Work task — Set down the data below exactly; pictures stay out.

Data segment —
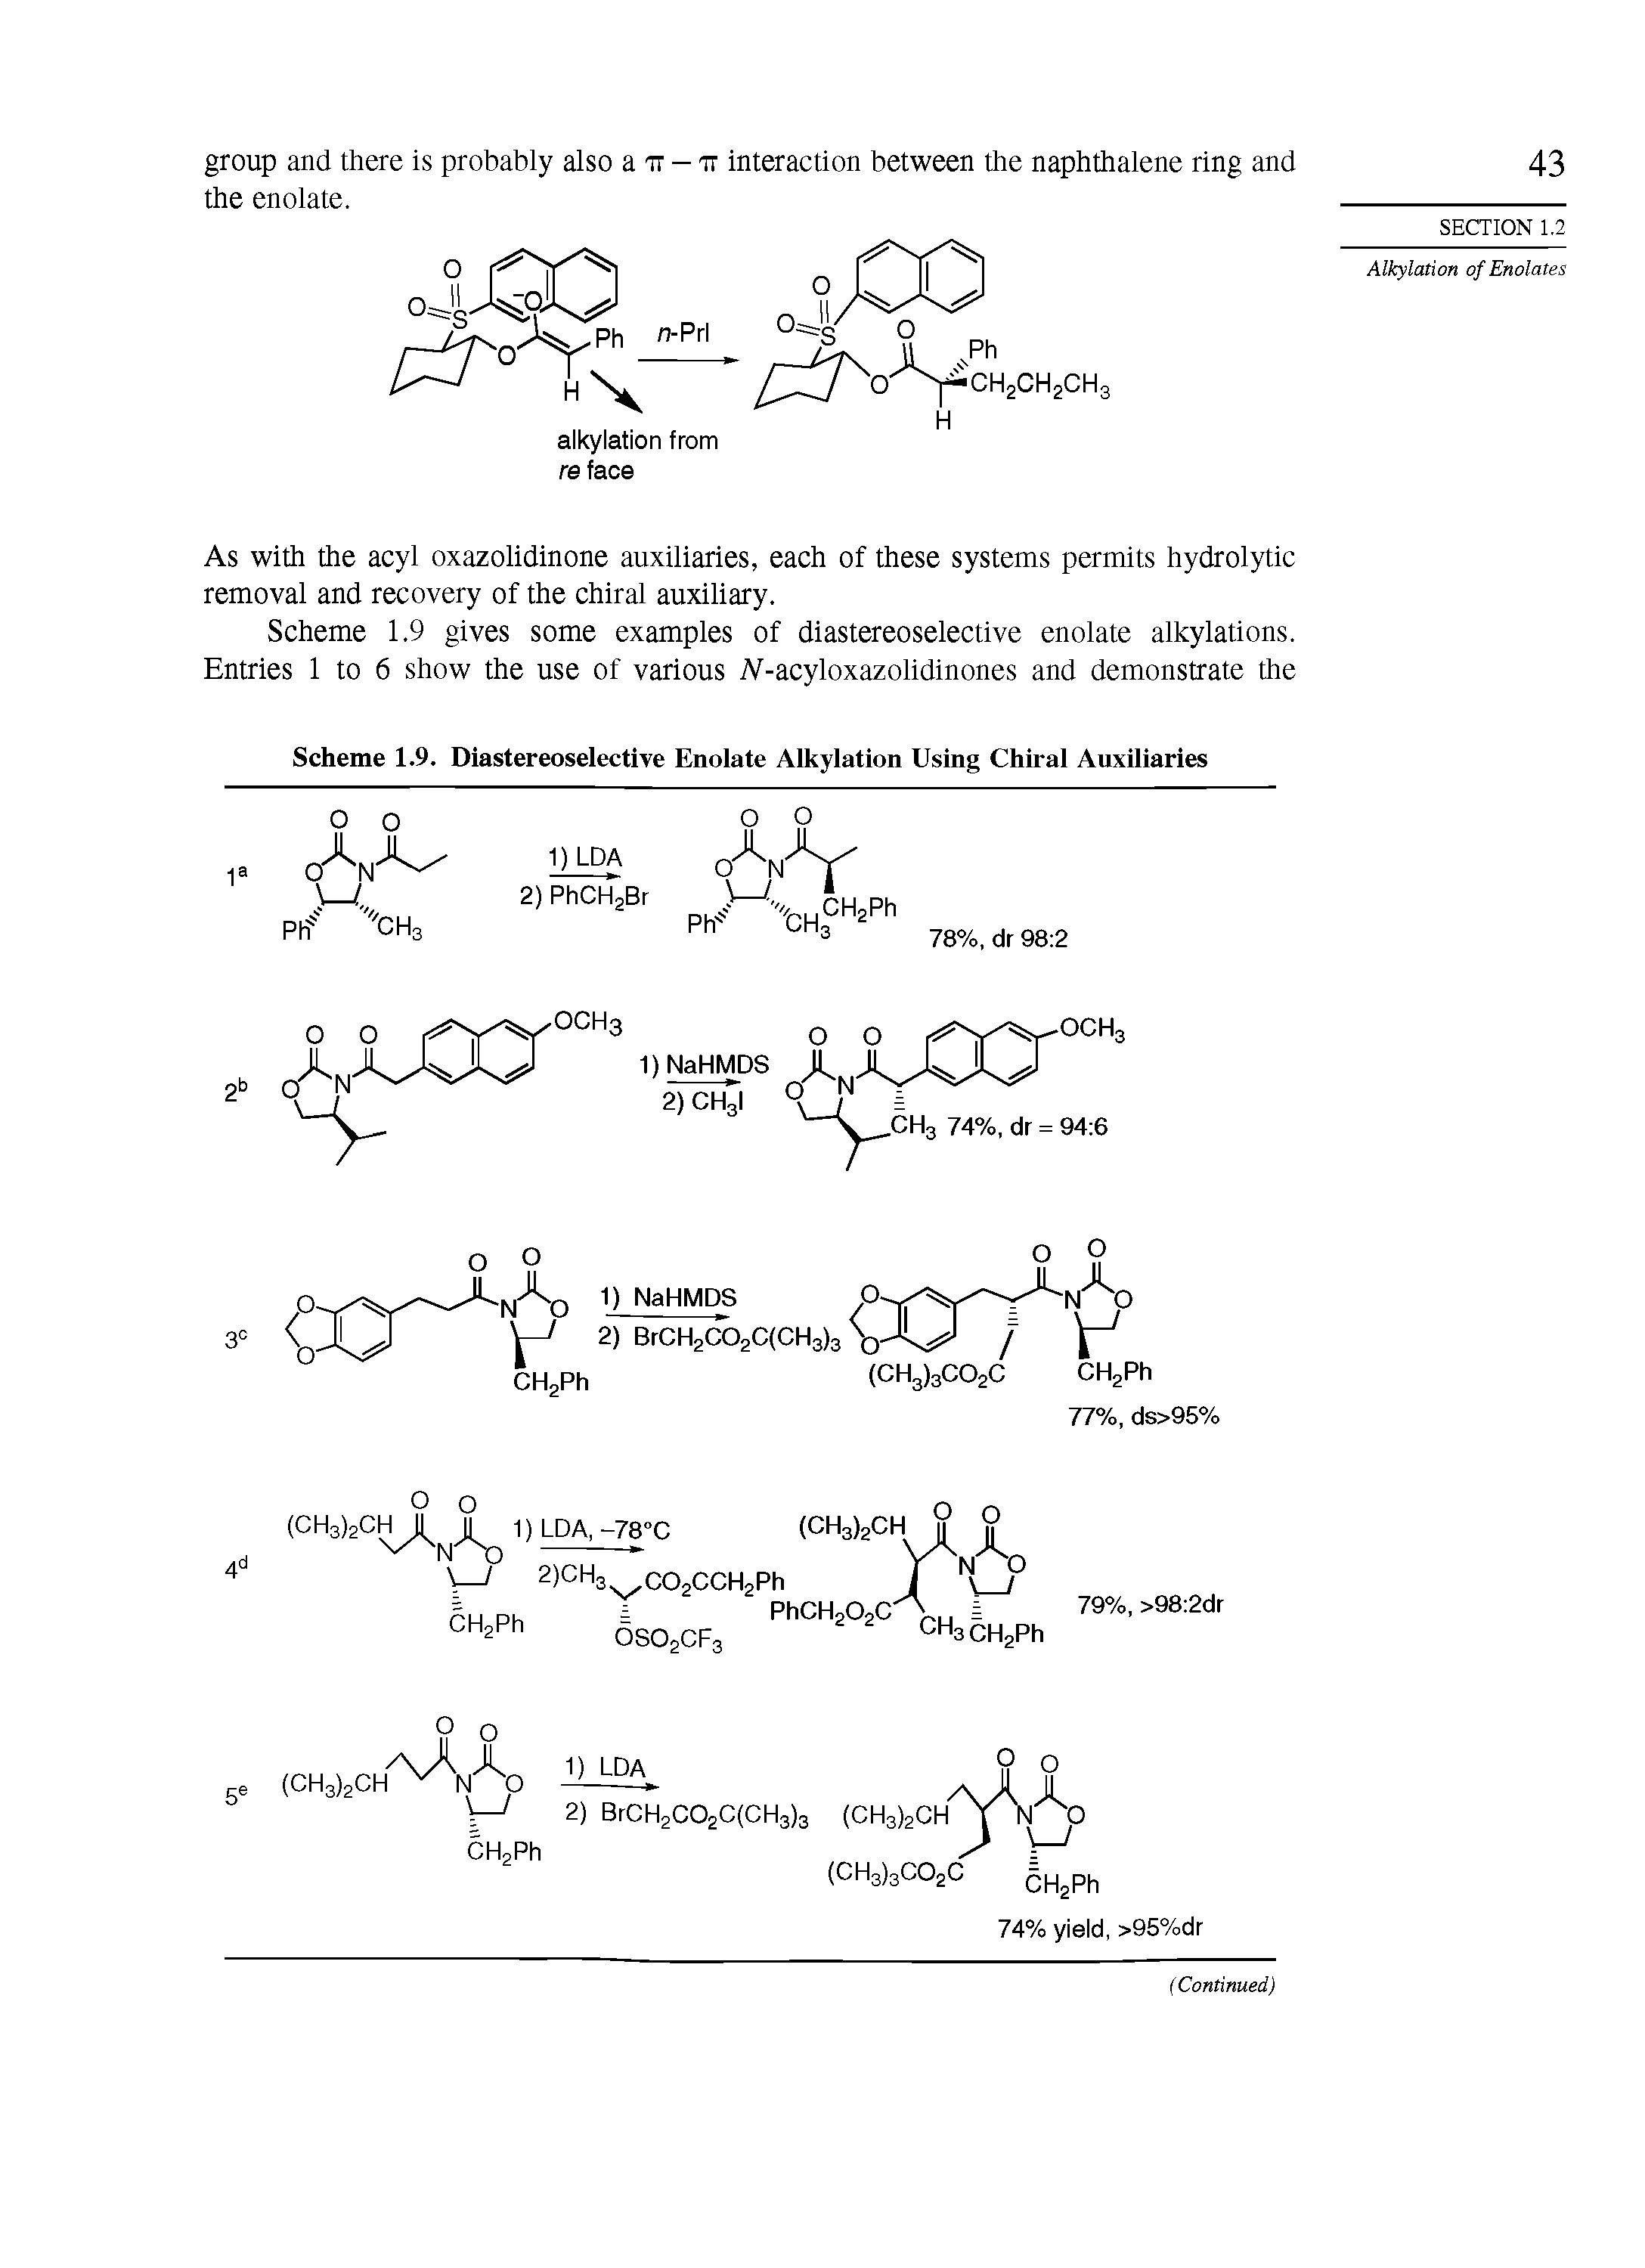 Scheme 1.9. Diastereoselective Enolate Alkylation Using Chiral Auxiliaries...
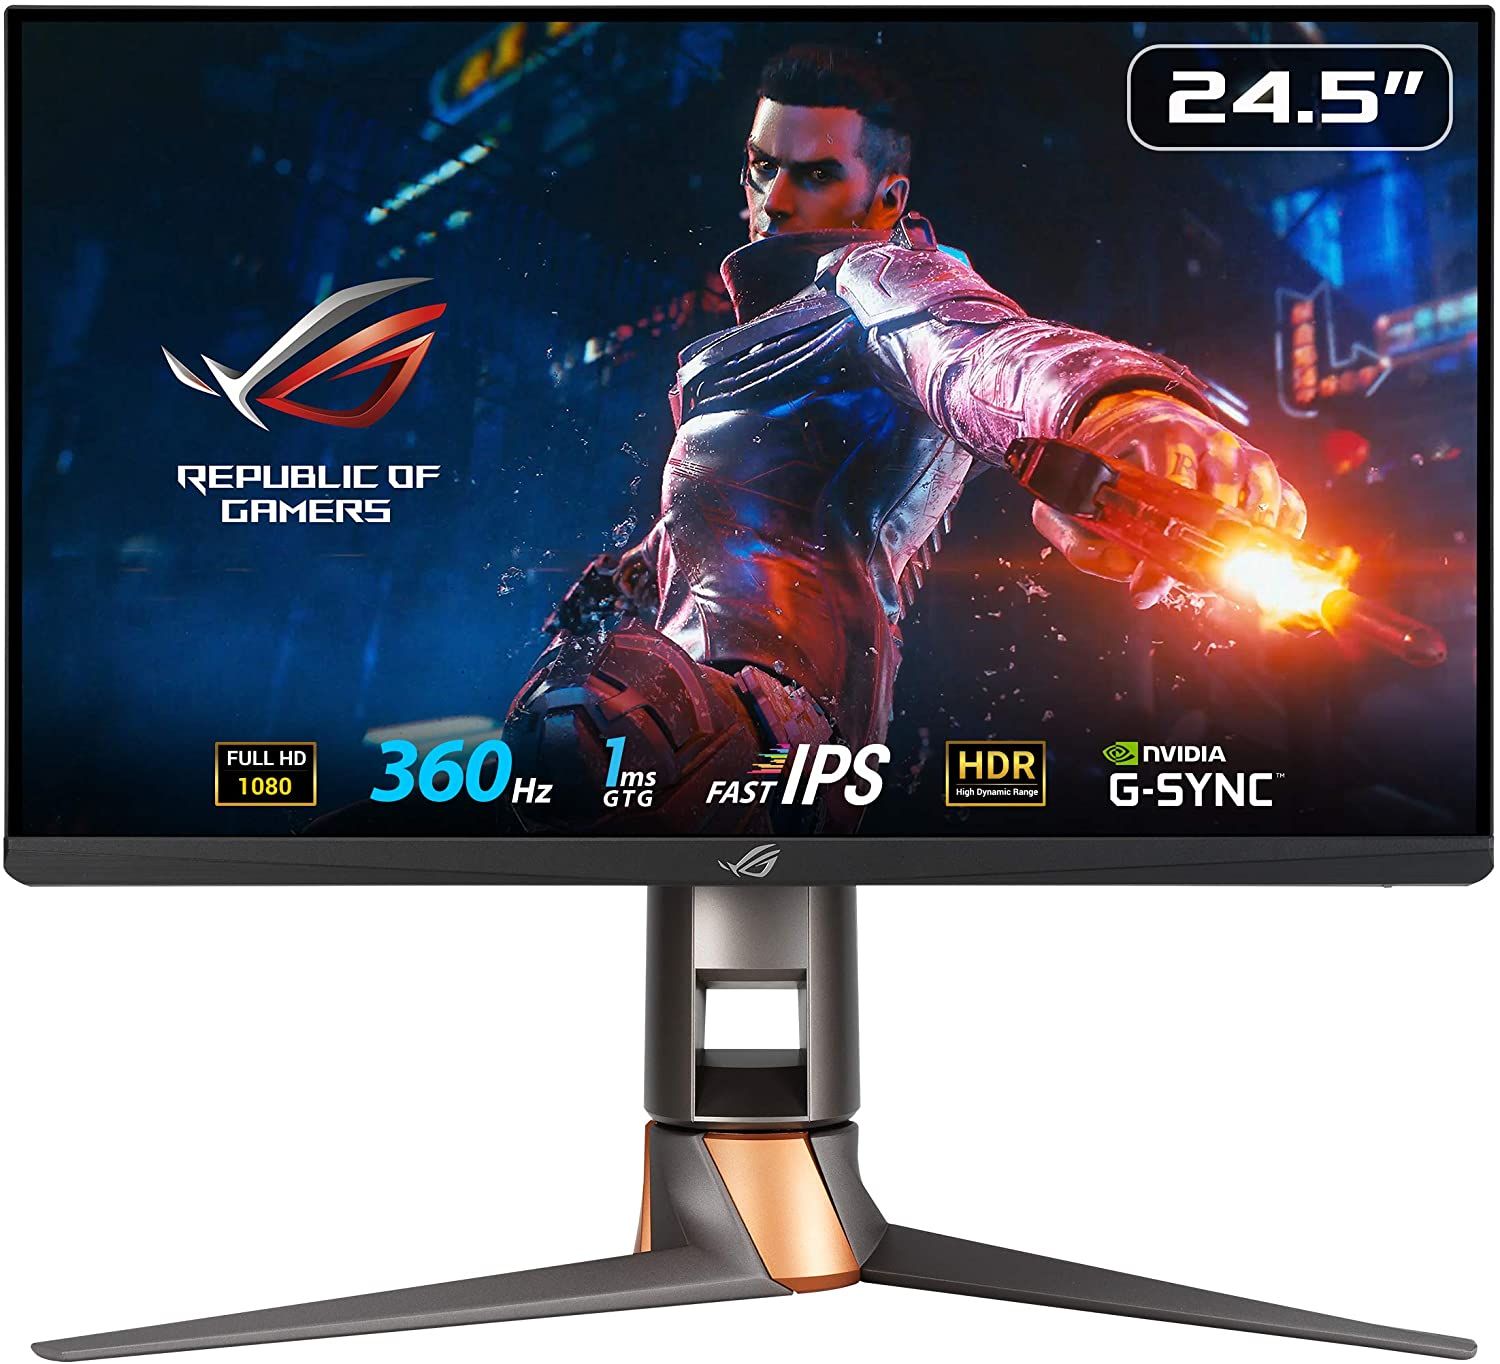 ASUS ROG Swift PG259QN product image of a grey monitor with gold trim and a video game character in armour on the display.
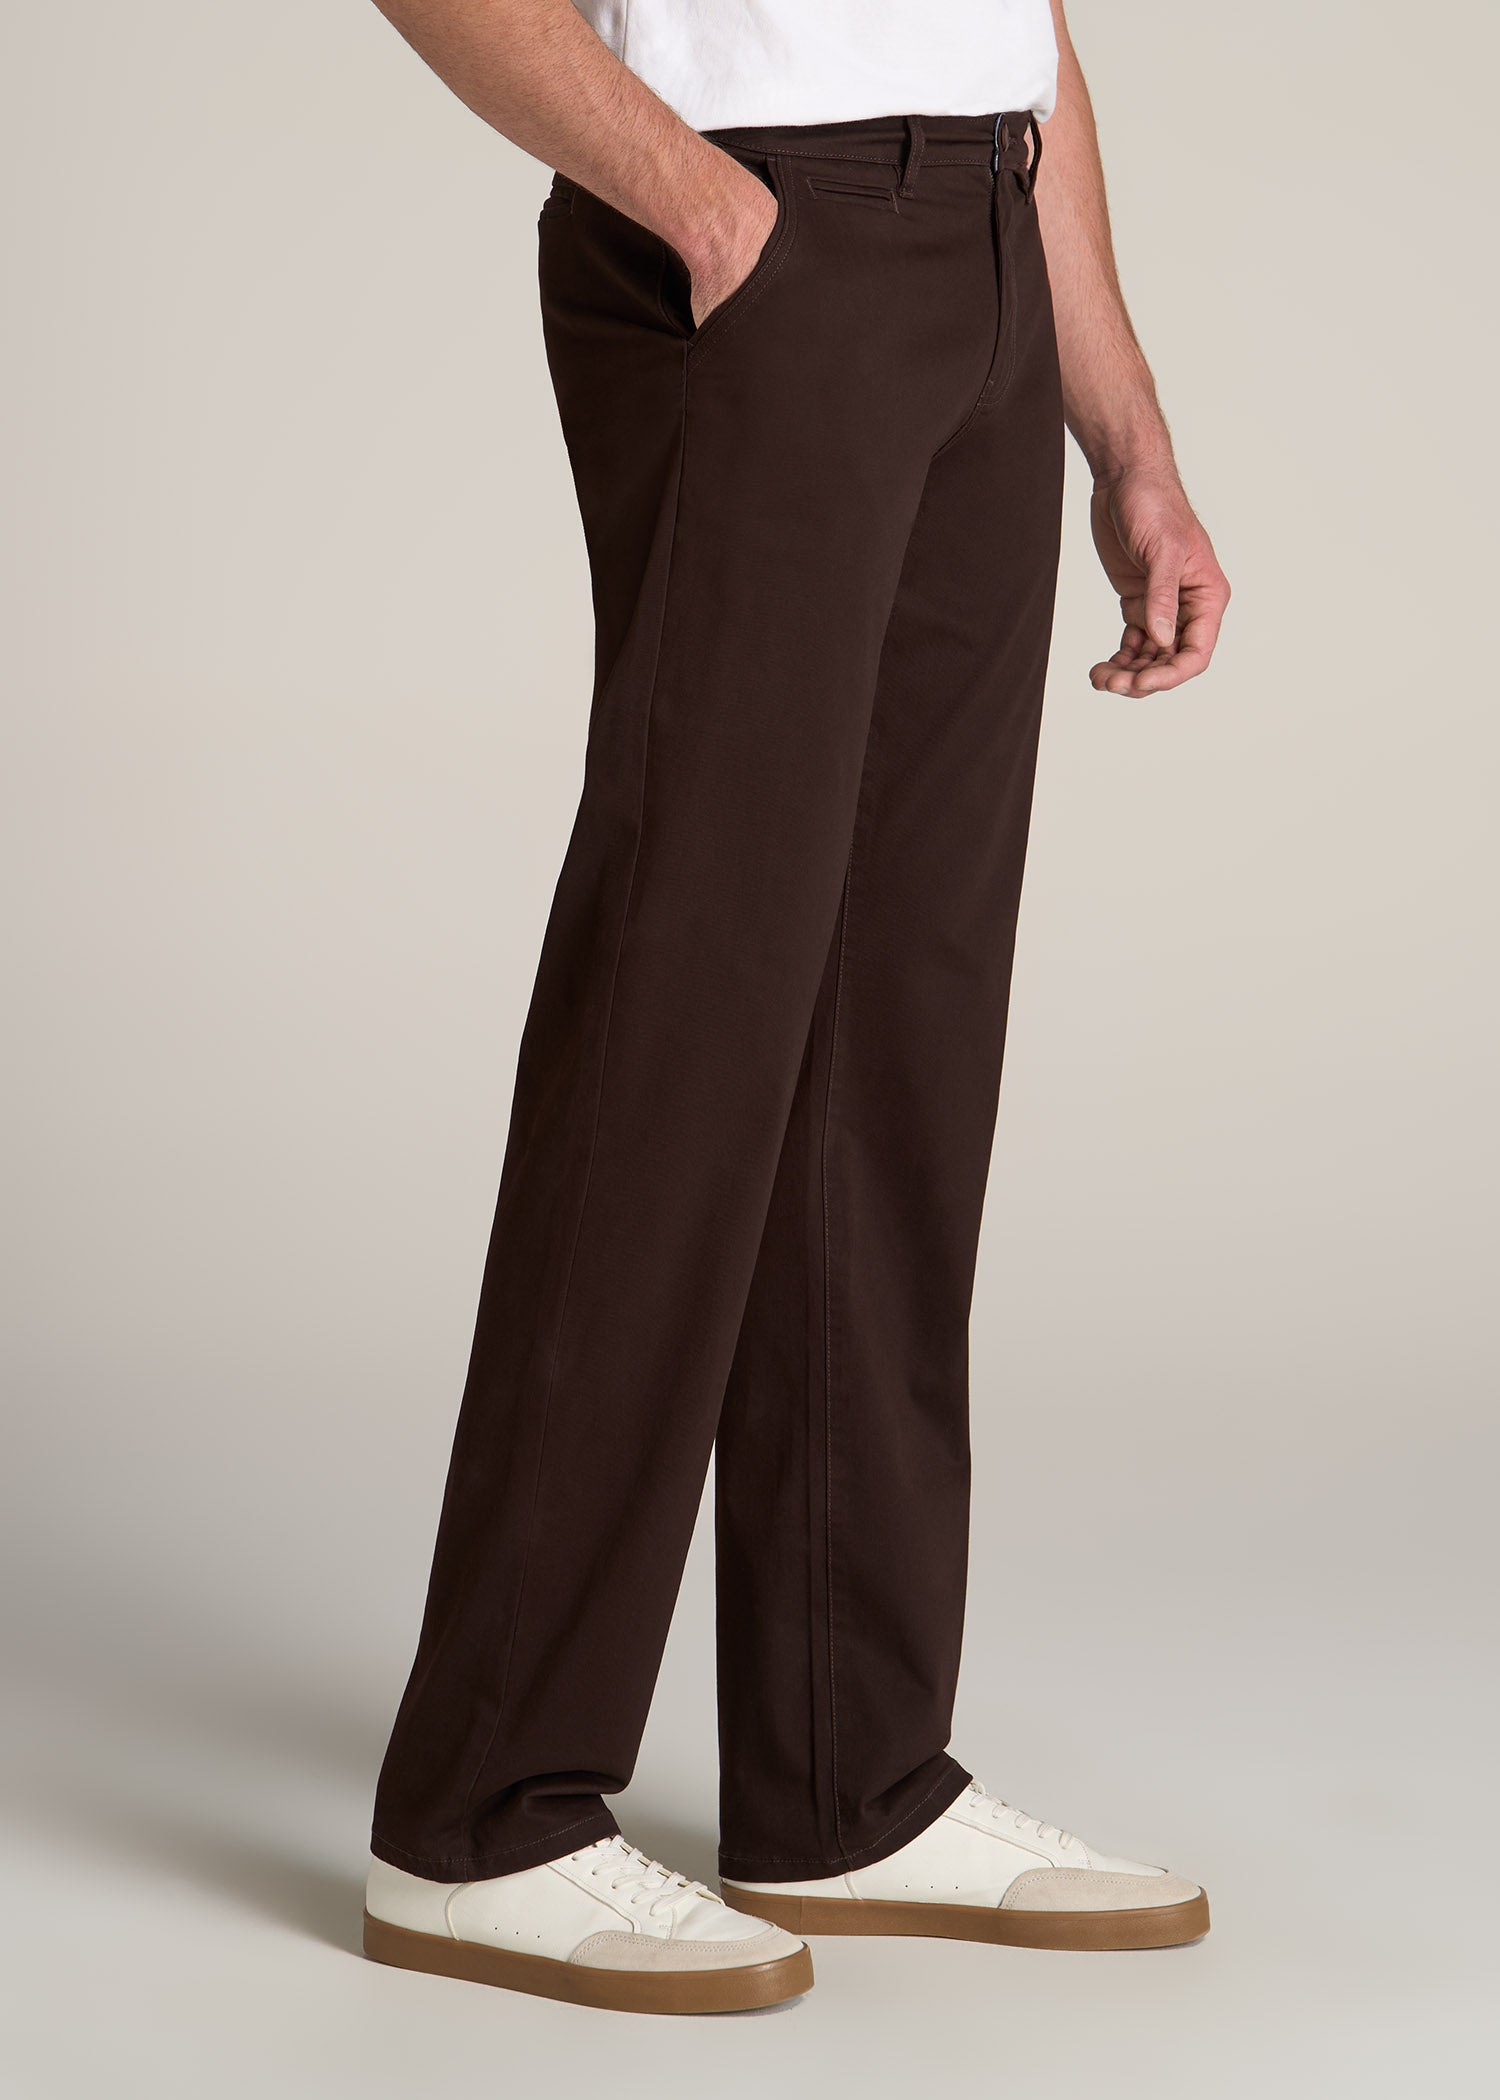 Men's Relaxed Fit Pants: Chinos, Khakis & More

Exercise output —
 Scheme 1.9. Diastereoselective Enolate Alkylation Using Chiral Auxiliaries...
 ASUS ROG Swift PG259QN product image of a grey monitor with gold trim and a video game character in armour on the display.
 Men's Relaxed Fit Pants: Chinos, Khakis & More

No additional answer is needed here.